When someone is smacked down for expressing an unpopular opinion it does not change their opinion, it simply tells them they shouldn't talk about it. Yes, I know there's an election involved here - and it's fine for us to reject a candidate for the positions they take, appropriate, even. And yes, people should express counter arguments and contrary opinions freely and with vigor.

At the same time, we have to be careful to do so with grace and humility. The purpose of challenging someone's opinion or idea should be to create dialogue, not shut it down. I know, most people don't change. That's very true. Unpopular opinions usually die out because the people who hold them die out. I get it.

That doesn't help the people who are still forming opinions, though. The kid who apes his father's objectification of women doesn't see rebuke as a reason to doubt his father, he sees it as evidence people don't want to hear the truth. It's an issue of authority. "My pastor said it," or "My political party said it," or "I read it in this book by an author I really like." We form our opinions in all sorts of ways, but it all comes down to those influences to which we ascribe authority in our lives.

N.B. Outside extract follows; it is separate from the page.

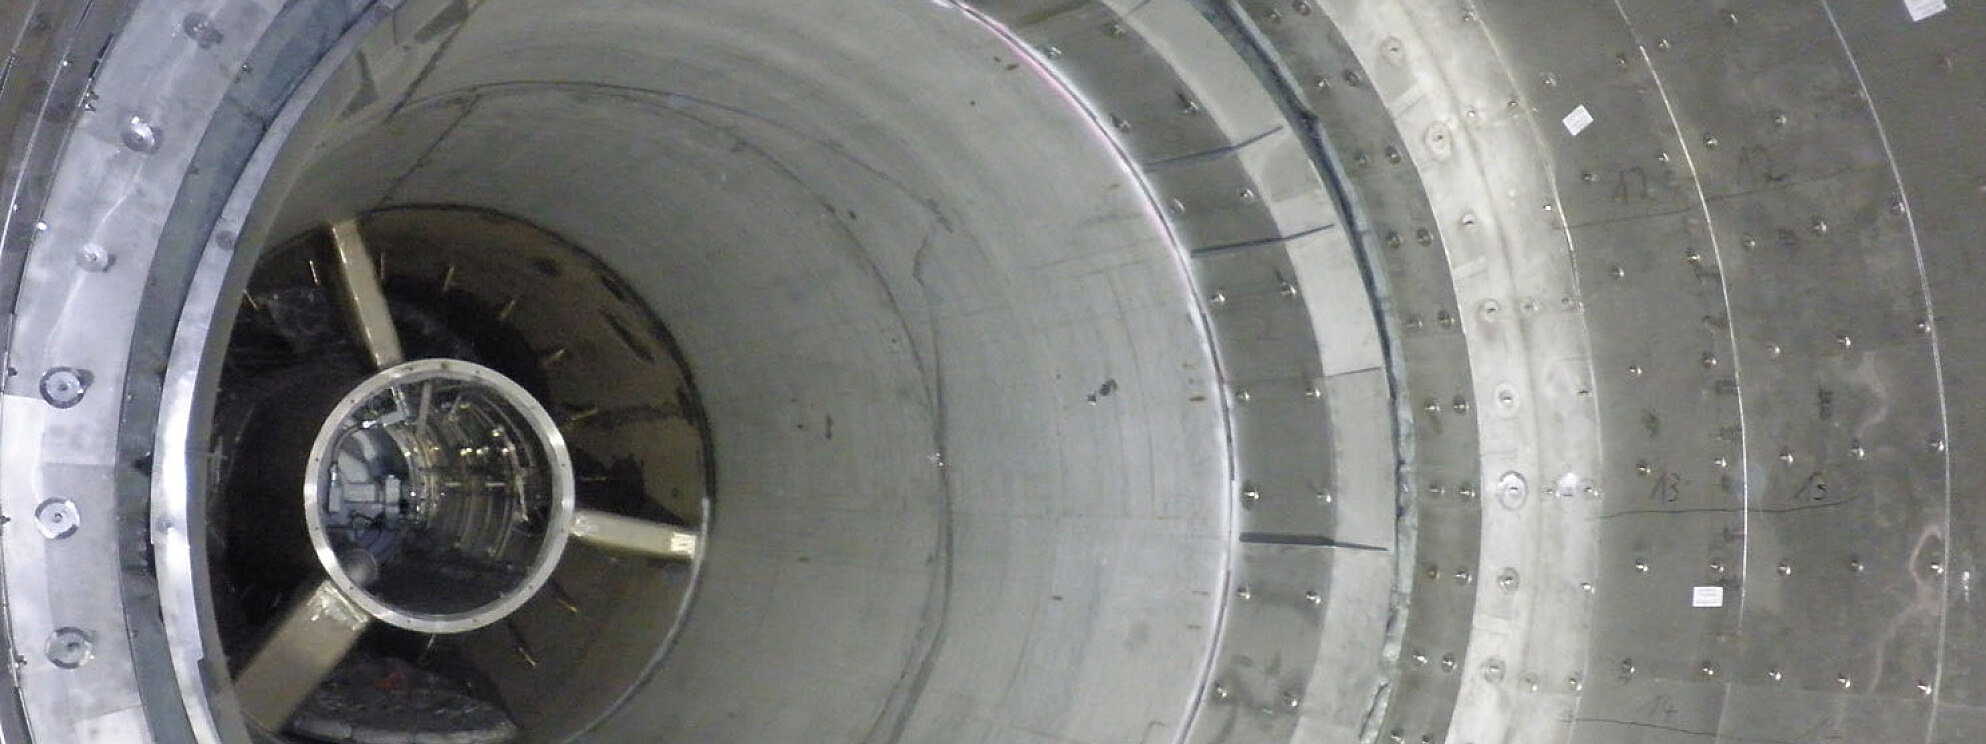 Frenzelit non-metallic expansion joint at exhaust system at turbine outlet

Yes, Trump's kind of language may be popular in the locker room or the board room or the country club, but we must willing to have enough conversation to ask deeper questions. Why is this the language of those circles? Why are the customs and expressions of these people important to you? What might cause someone to be offended by that opinion? This is the kind of conversation that actually moves people to change.

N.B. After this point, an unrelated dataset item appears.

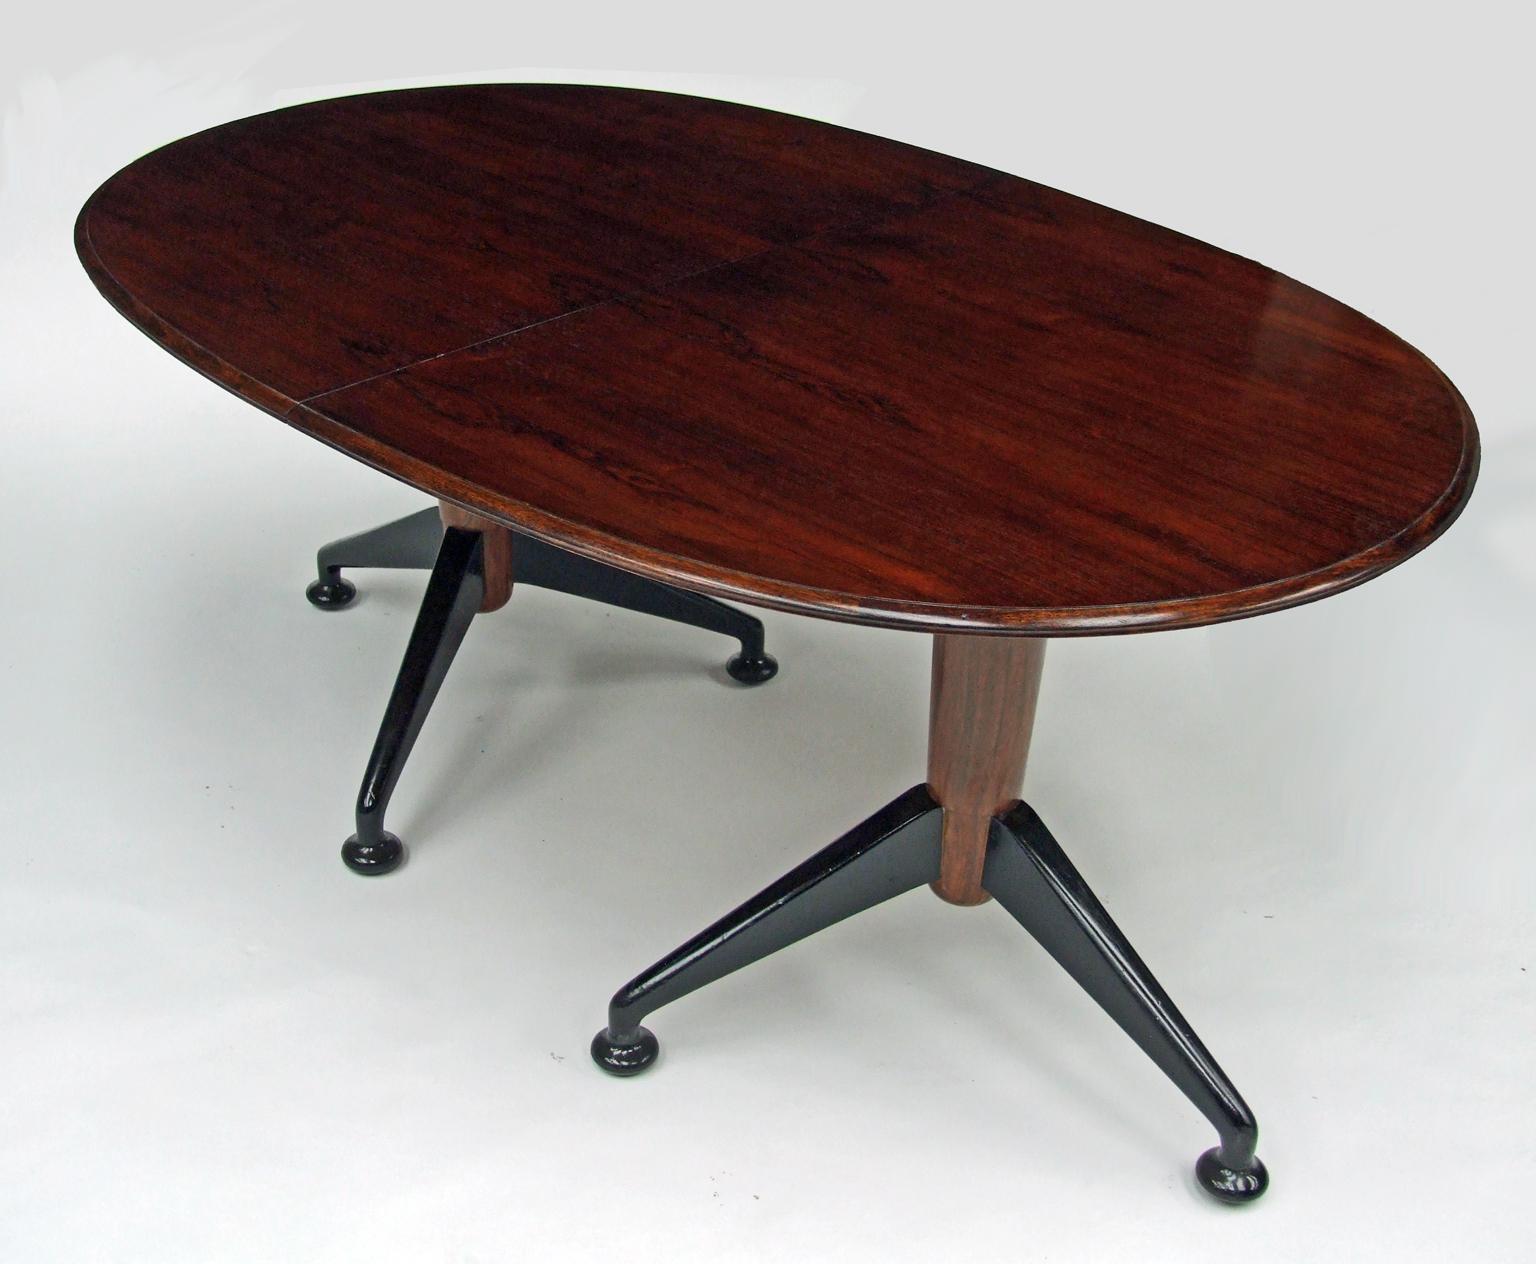 English 1950s Rosewood Extendable Oval Dining Table by A J Milne for Heals, London For Sale

If we don't, we're just ourselves engaging in this "means to and end" business. If my end is proving myself right and him wrong, then, yes, let's just shout down Trump, thrown him on the trash heap and be done. In that, though, we're objectifying him as the enemy. He's just an opponent to be consumed and discarded. We're defeating ourselves. There's no care or concern for my opponent as a human being.

Yeah, you might say, "that guy just isn't worth it," and I'd respond, "what influences have lead you to that opinion," and maybe, just maybe, we might have an enlightening, productive, and world-changing conversation.